Ver. 17. Y sabréis que yo soy el Señor vuestro Dios ] Experimentaréis aquello de lo que, durante vuestras profundas aflicciones, dudasteis y estuvisteis dispuesto a decir, como hizo Gedeón al ángel: "Si el Señor está por nosotros , ¿por qué es así con nosotros? " o, como sus antepasados ​​incrédulos en el desierto, "¿Está Dios entre nosotros?" como si eso no pudiera ser, y tienen sed.

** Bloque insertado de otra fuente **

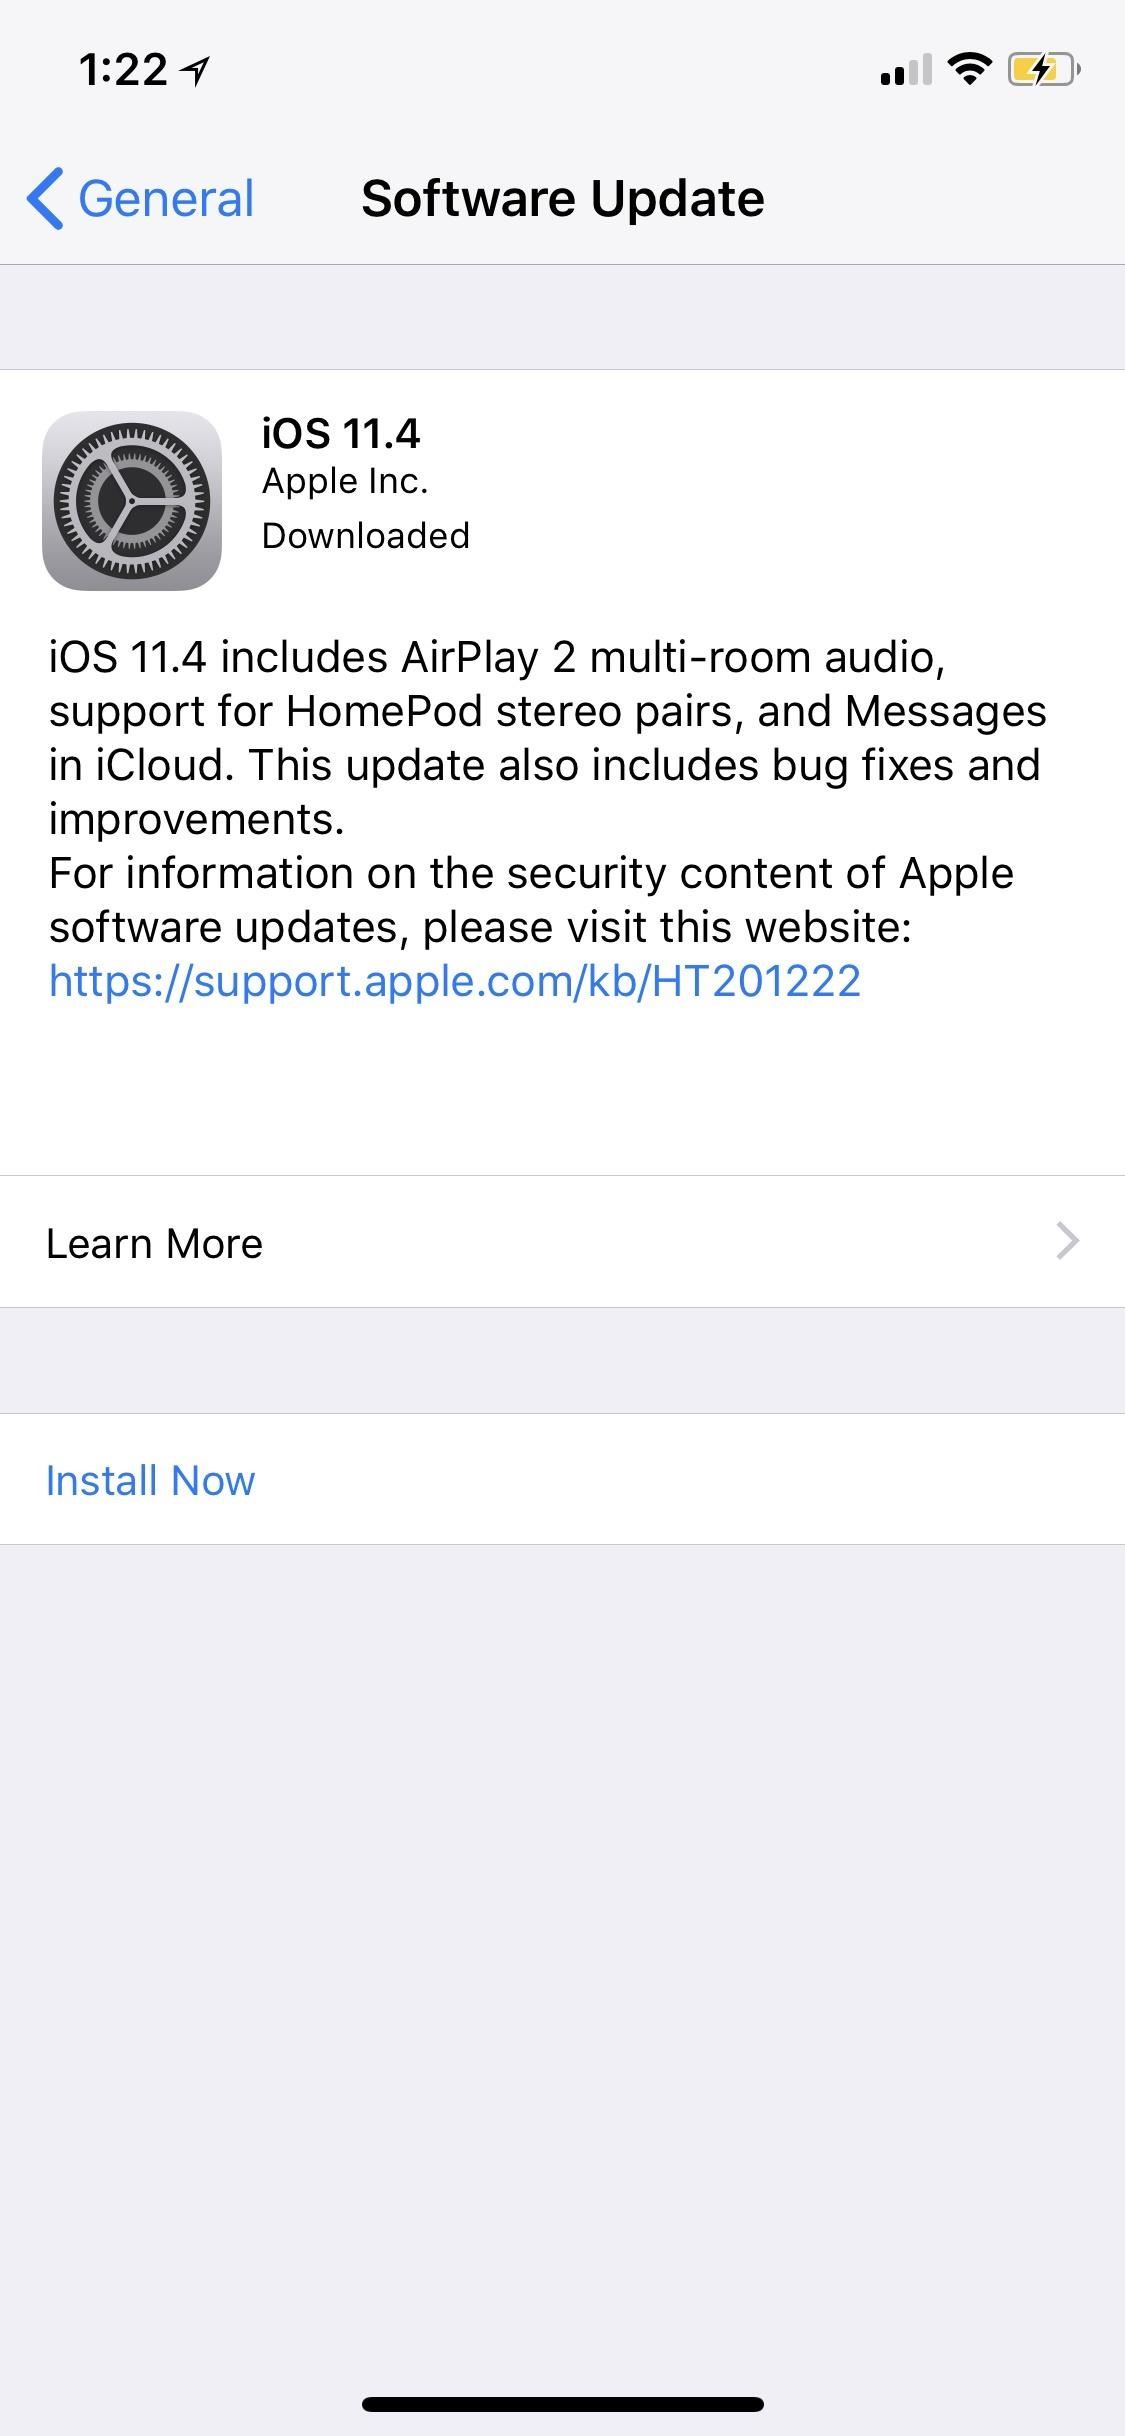 iOS 11.4 Released to Everyone, Includes AirPlay 2, Messages in iCloud, New Wallpaper & More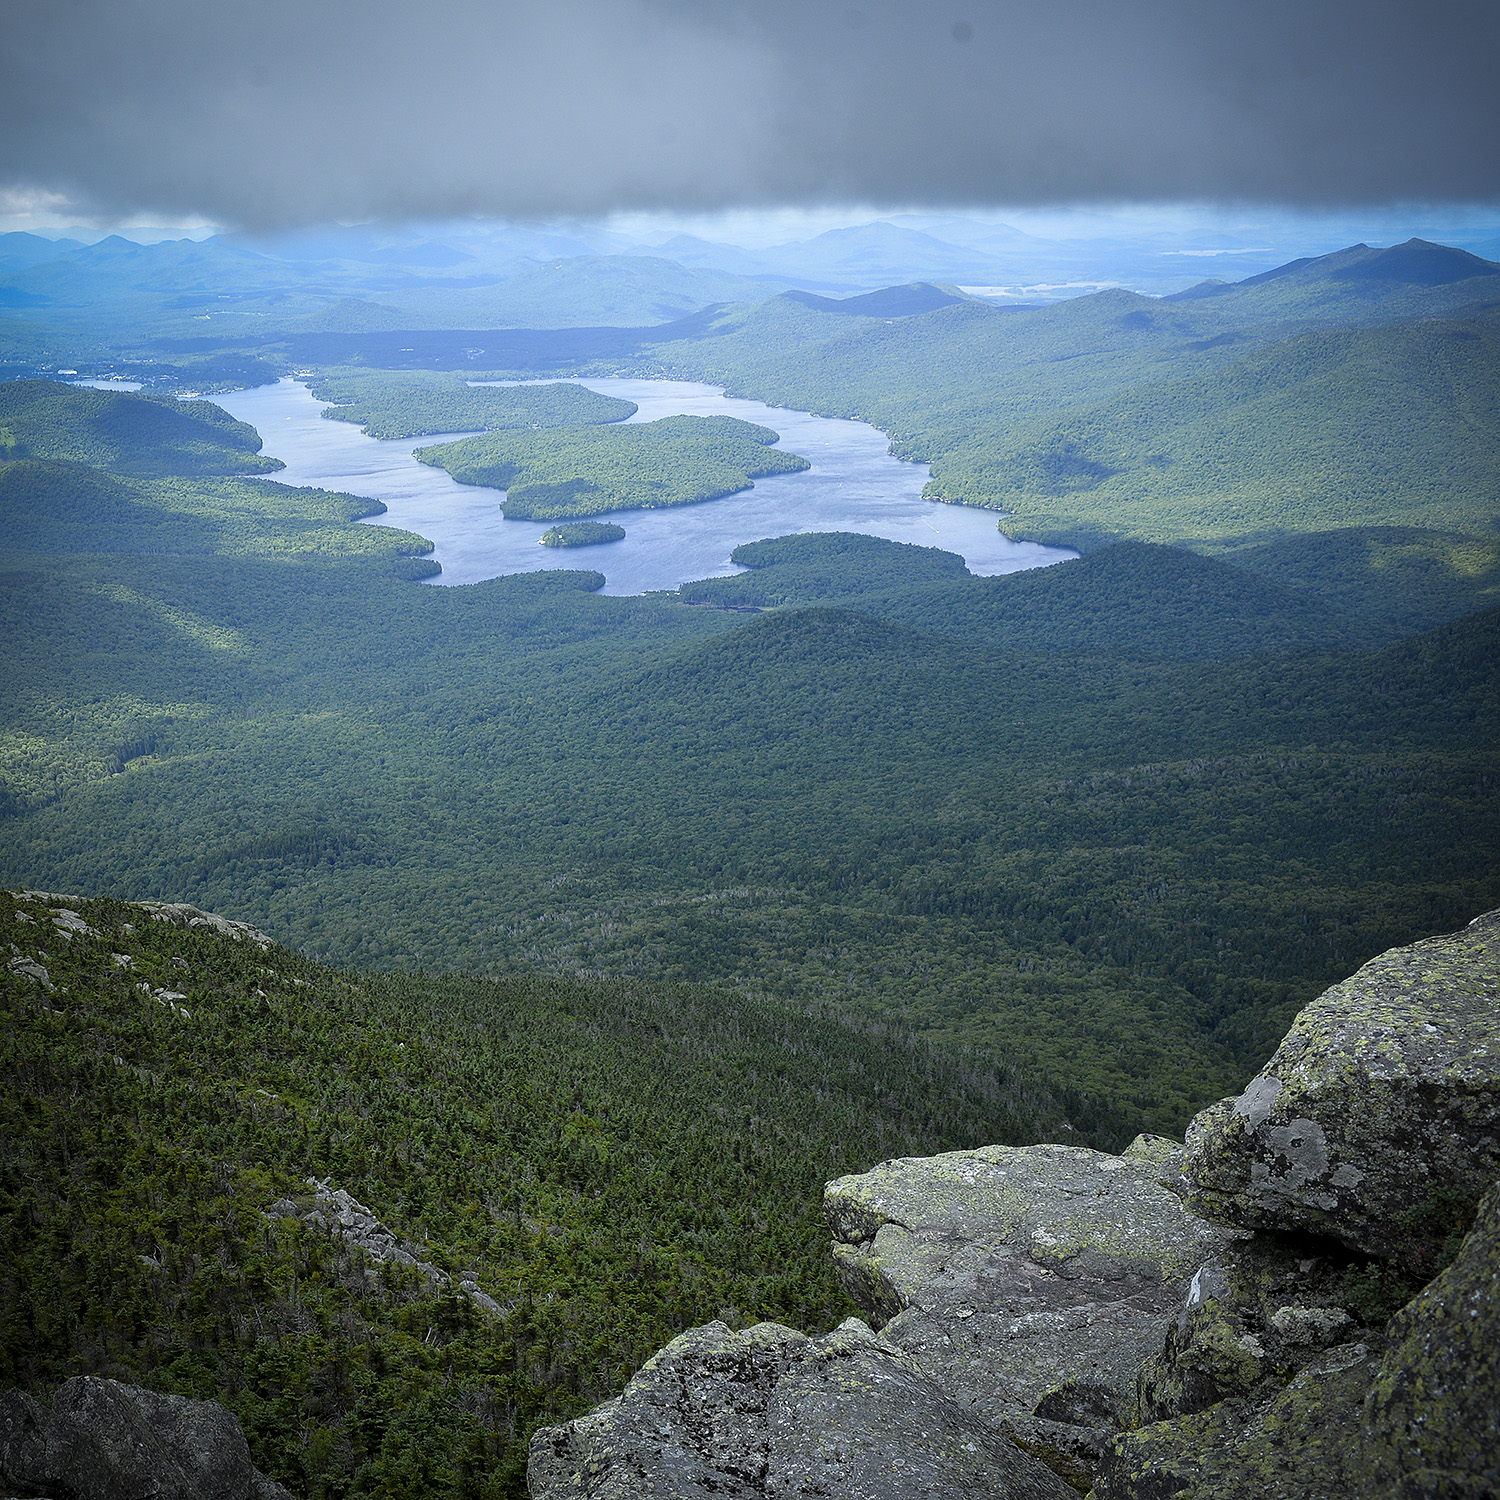 View of Adirondacks from Whiteface mountain

Habitando en Sion ] Defender a mi pueblo y dispensarles mis mejores bendiciones. "El Señor, que hizo los cielos y la tierra, te bendiga desde Sion", Salmo 134:3 . Las bendiciones que provienen de Sion están mucho más allá de las que de otro modo provienen del cielo y la tierra.

Entonces Jerusalén será santa ] Con doble santidad, imputada e impartida; lo profano está siendo purgado aquí en parte, pero de ahora en adelante con toda perfección. Esto nuestro Salvador lo expone dulcemente en esas dos parábolas de la cizaña y de la red barredera, Mateo 13:24,30 ; Mateo 13:36,42 ; Mateo 13:47,50 . O, "será santo", es decir, querido por Dios, y bajo su cuidado, favor y protección del dominio, dirección y posesión de paganos profanos.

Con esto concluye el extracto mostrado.